━━━━━ Records shown

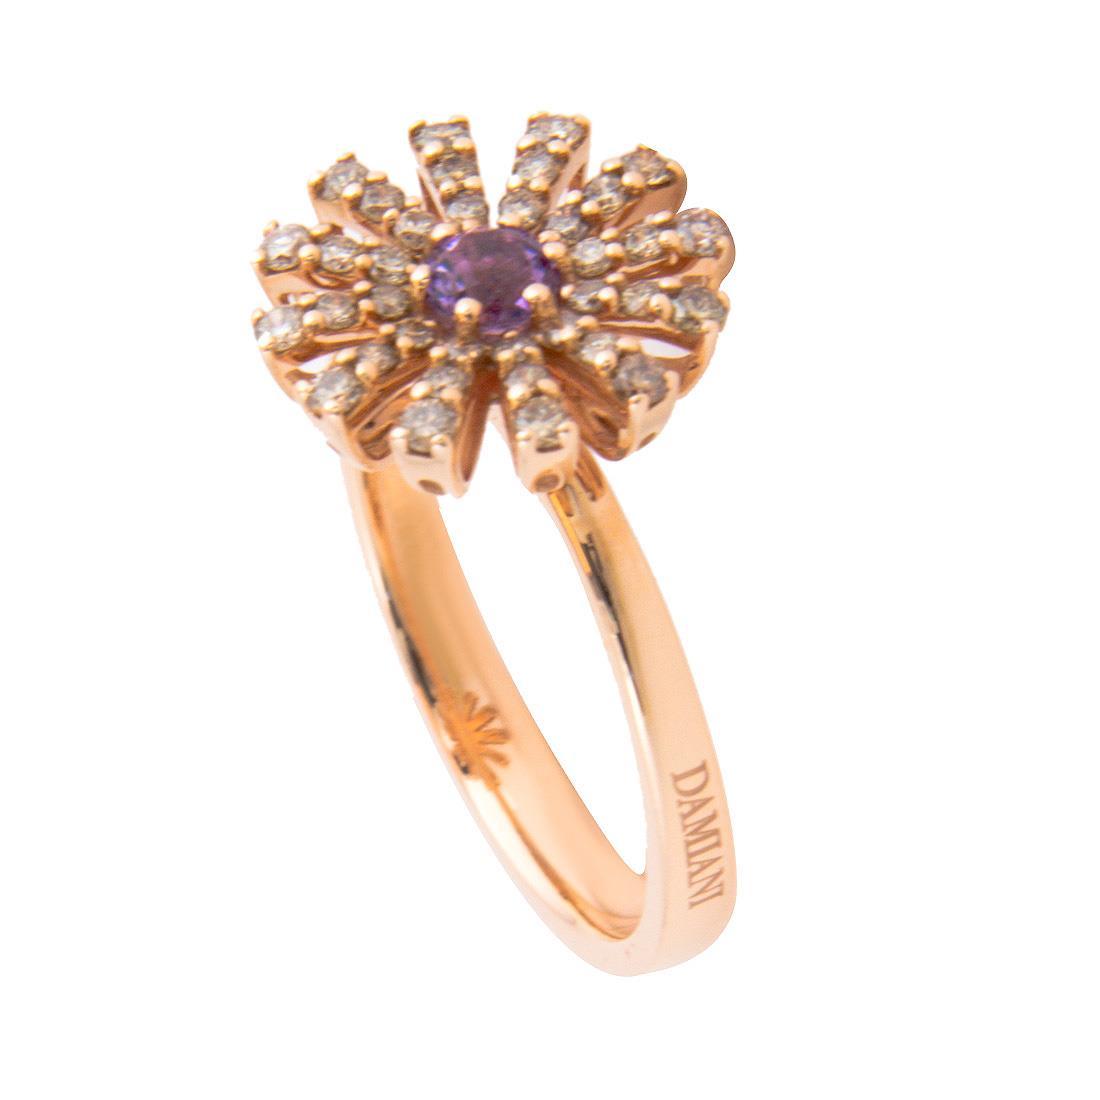 Anello Damiani Collezione Margherita in oro rosa con diamanti ct 0,35 con ametista misura 13 - DAMIANI
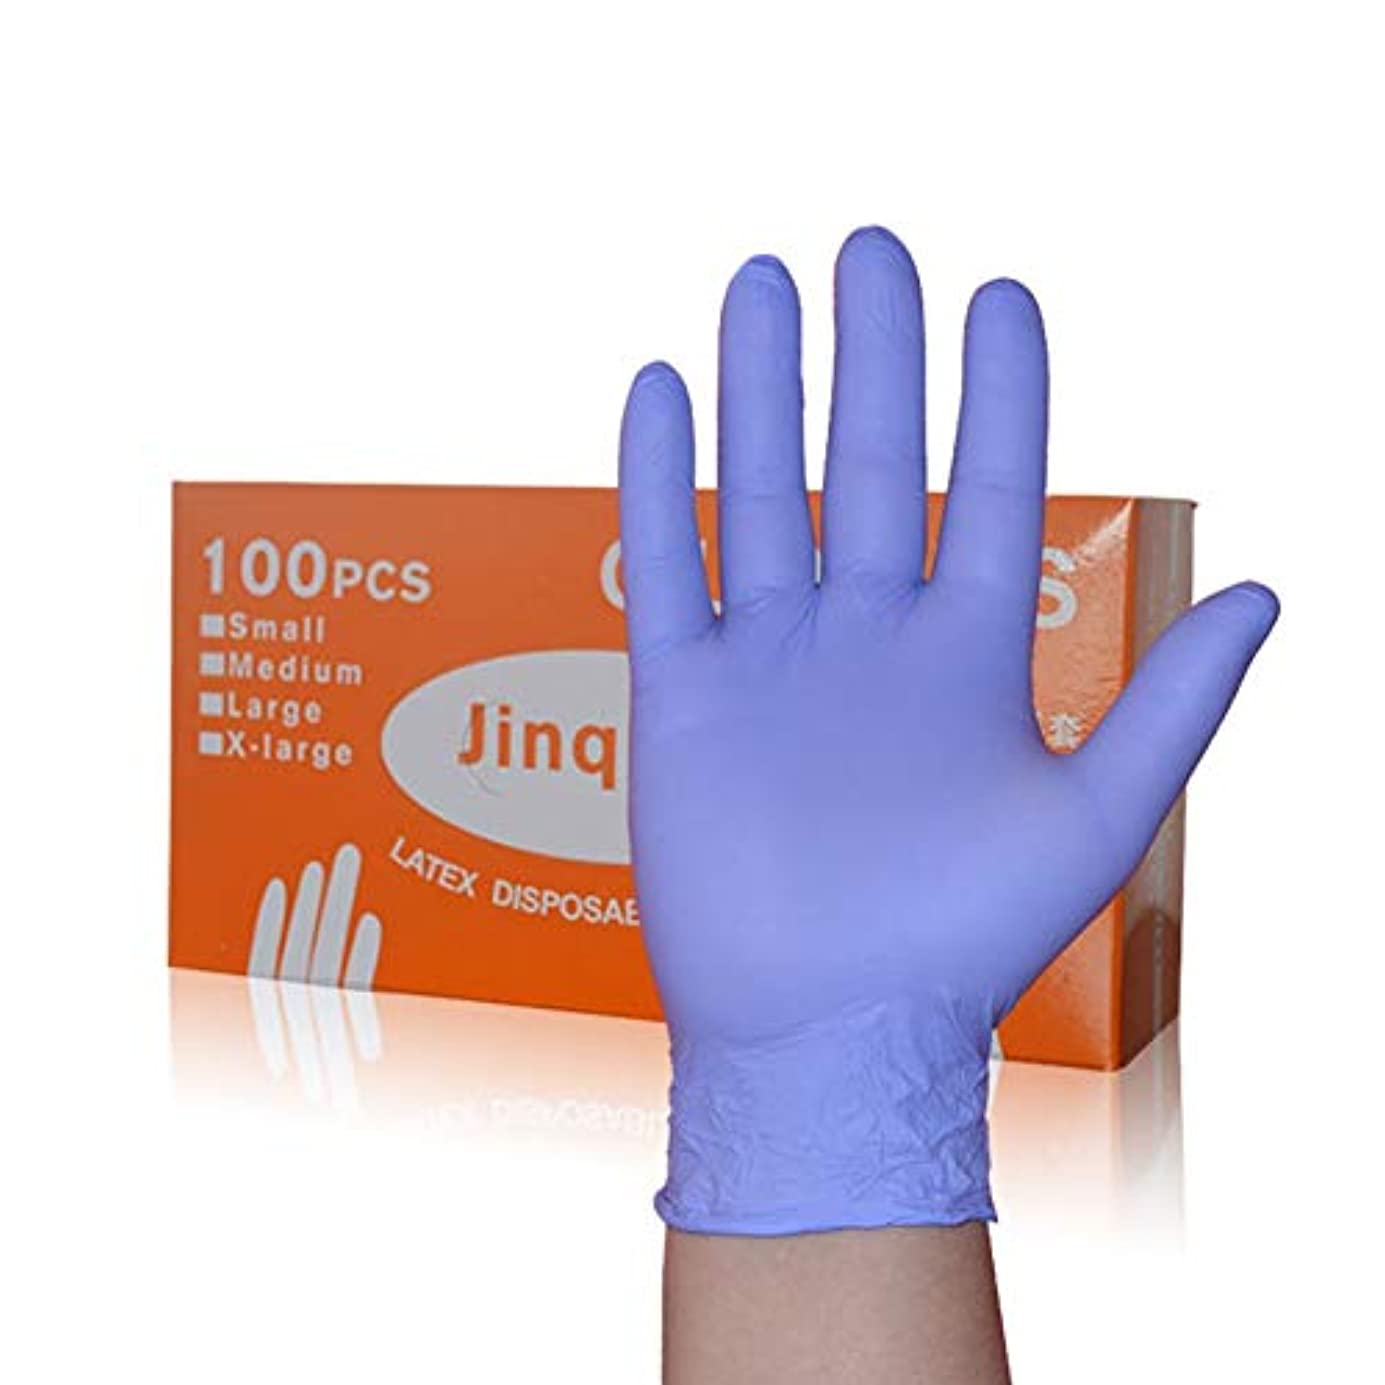 閲覧するできる合成箱入りA級Dingqing使い捨て手袋食品キッチンケータリング家事歯科手袋 YANW (色 : 紫の, サイズ さいず : L l)
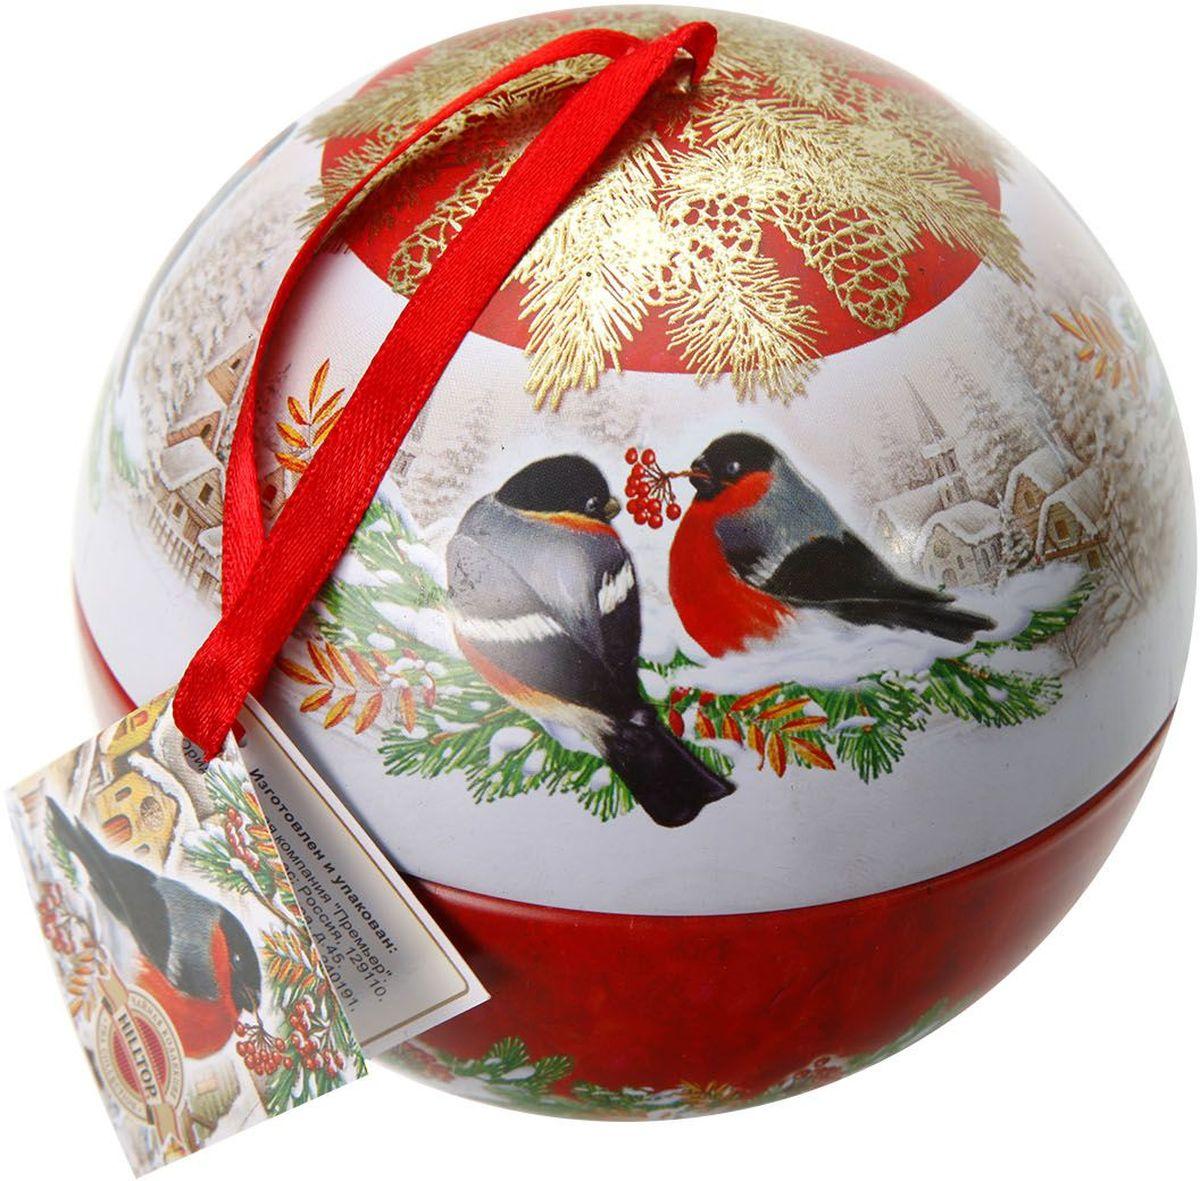 Hilltop Новогодний шар Морозный рассвет Королевское золото чай черный листовой, 80 г hilltop пасхальный подарок черное золото черный листовой чай 80 г
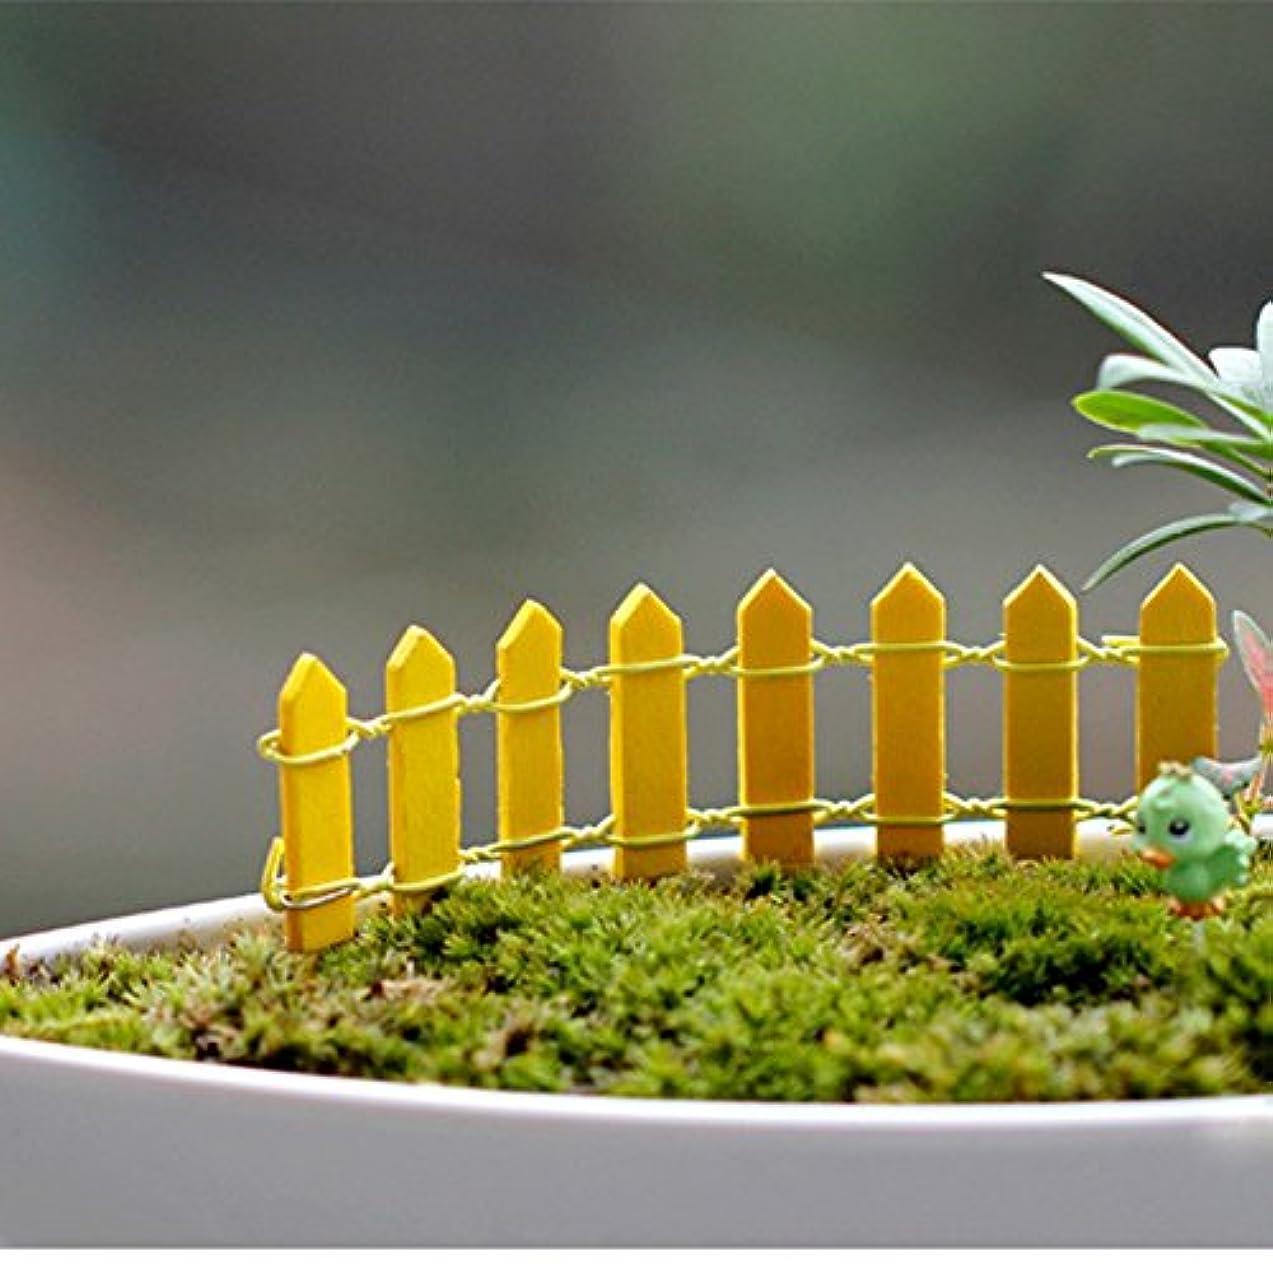 食事禁止服Jicorzo - 20個DIY木製の小さなフェンスモステラリウム植木鉢工芸ミニおもちゃフェアリーガーデンミニチュア[イエロー]
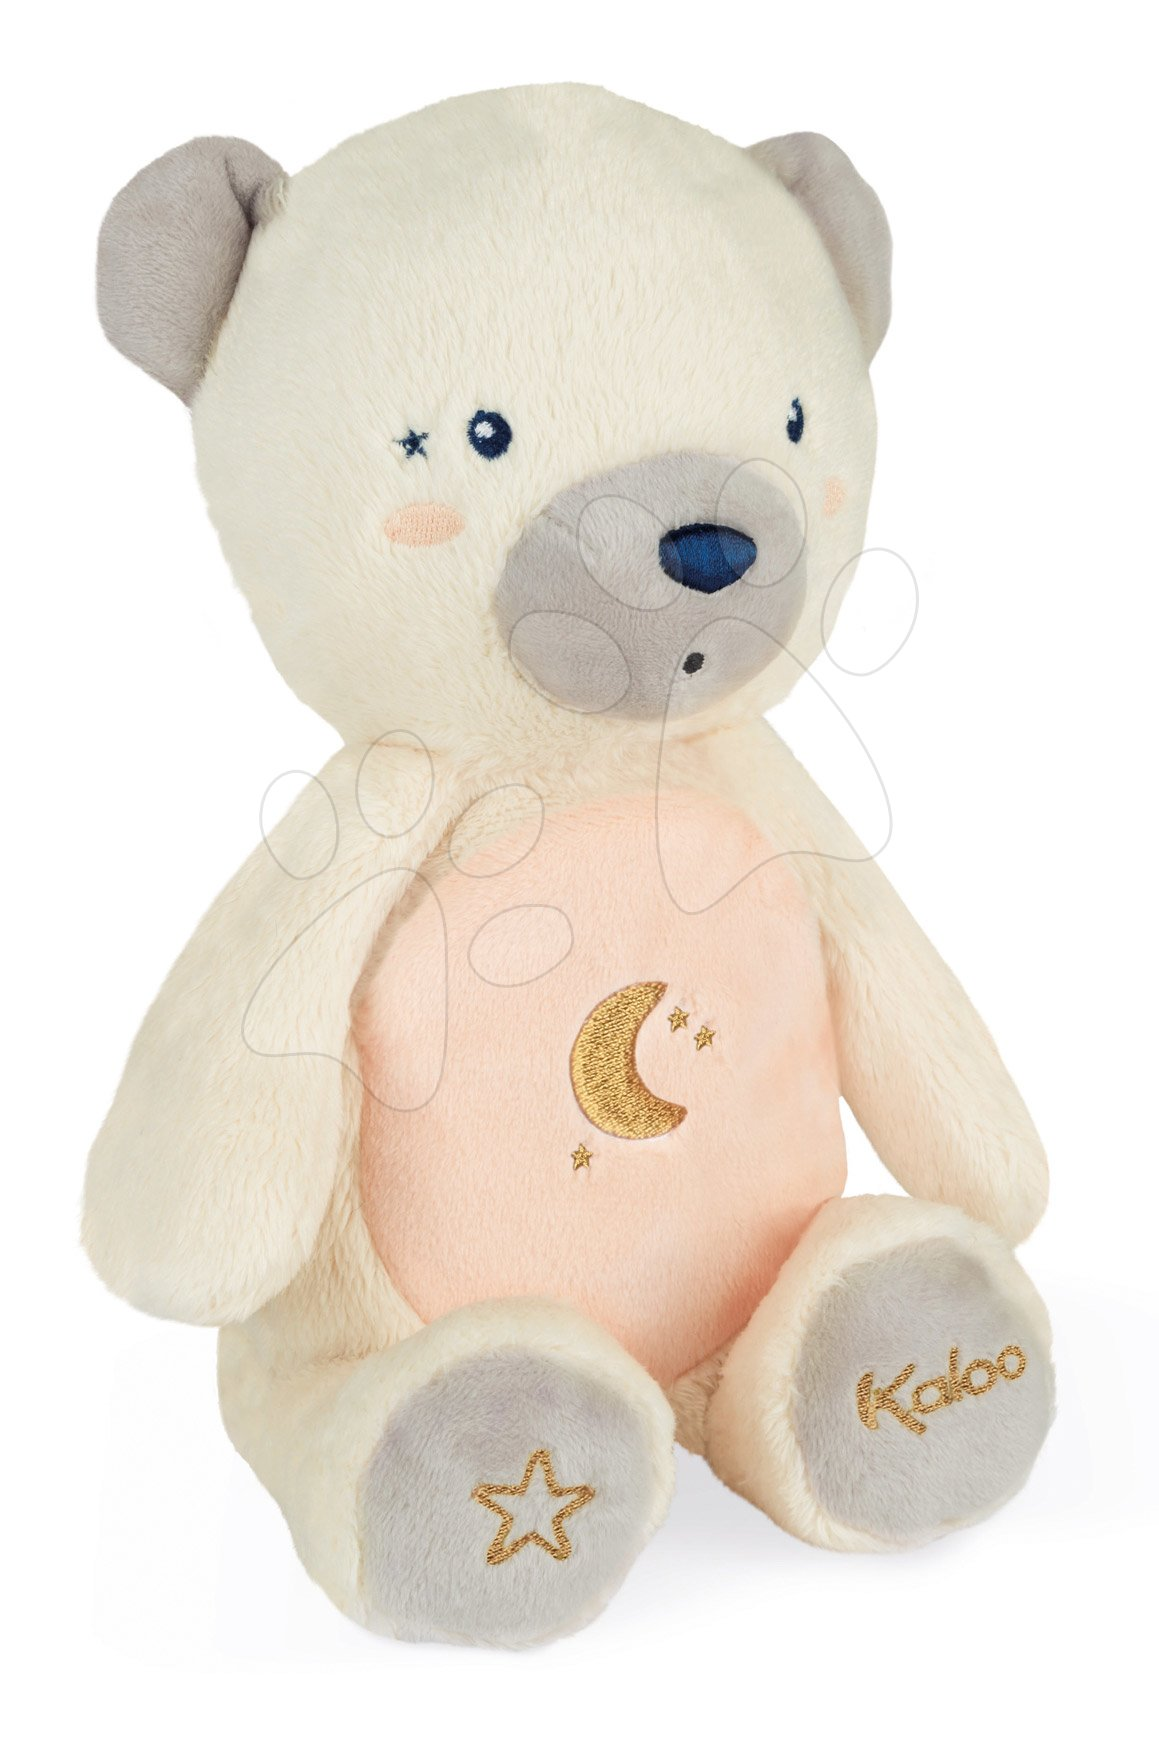 Plyšový medvěd noční světlo My Bear Nightlight Home Kaloo šedo-krémový 22 cm se světlem z jemného plyše od 3 měsíců

━━━━━━━━━━

Exercise prompt | None of the pictures should be carried over when the data above is transcribed exactly.

Output |
 Anello Damiani Collezione Margherita in oro rosa con diamanti ct 0,35 con ametista misura 13 - DAMIANI
 閲覧するできる合成箱入りA級Dingqing使い捨て手袋食品キッチンケータリング家事歯科手袋 YANW (色 : 紫の, サイズ さいず : L l)
 Hilltop Новогодний шар Морозный рассвет Королевское золото чай черный листовой, 80 г hilltop пасхальный подарок черное золото черный листовой чай 80 г
 食事禁止服Jicorzo - 20個DIY木製の小さなフェンスモステラリウム植木鉢工芸ミニおもちゃフェアリーガーデンミニチュア[イエロー]
 Plyšový medvěd noční světlo My Bear Nightlight Home Kaloo šedo-krémový 22 cm se světlem z jemného plyše od 3 měsíců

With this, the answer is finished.